*Data in this exercise:*
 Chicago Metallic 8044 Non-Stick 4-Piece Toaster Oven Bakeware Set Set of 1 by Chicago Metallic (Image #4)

---

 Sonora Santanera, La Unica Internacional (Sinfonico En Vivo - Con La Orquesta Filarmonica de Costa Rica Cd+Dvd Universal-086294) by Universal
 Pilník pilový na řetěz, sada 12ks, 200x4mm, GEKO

*Exercise objective:* In the data above, which lines lie between the line with "Sonora Santanera, La" and the line with "Pilník pilový na", inclusive? Print those lines exactly and nothing else.

*Answer to this exercise:*
 Sonora Santanera, La Unica Internacional (Sinfonico En Vivo - Con La Orquesta Filarmonica de Costa Rica Cd+Dvd Universal-086294) by Universal
 Pilník pilový na řetěz, sada 12ks, 200x4mm, GEKO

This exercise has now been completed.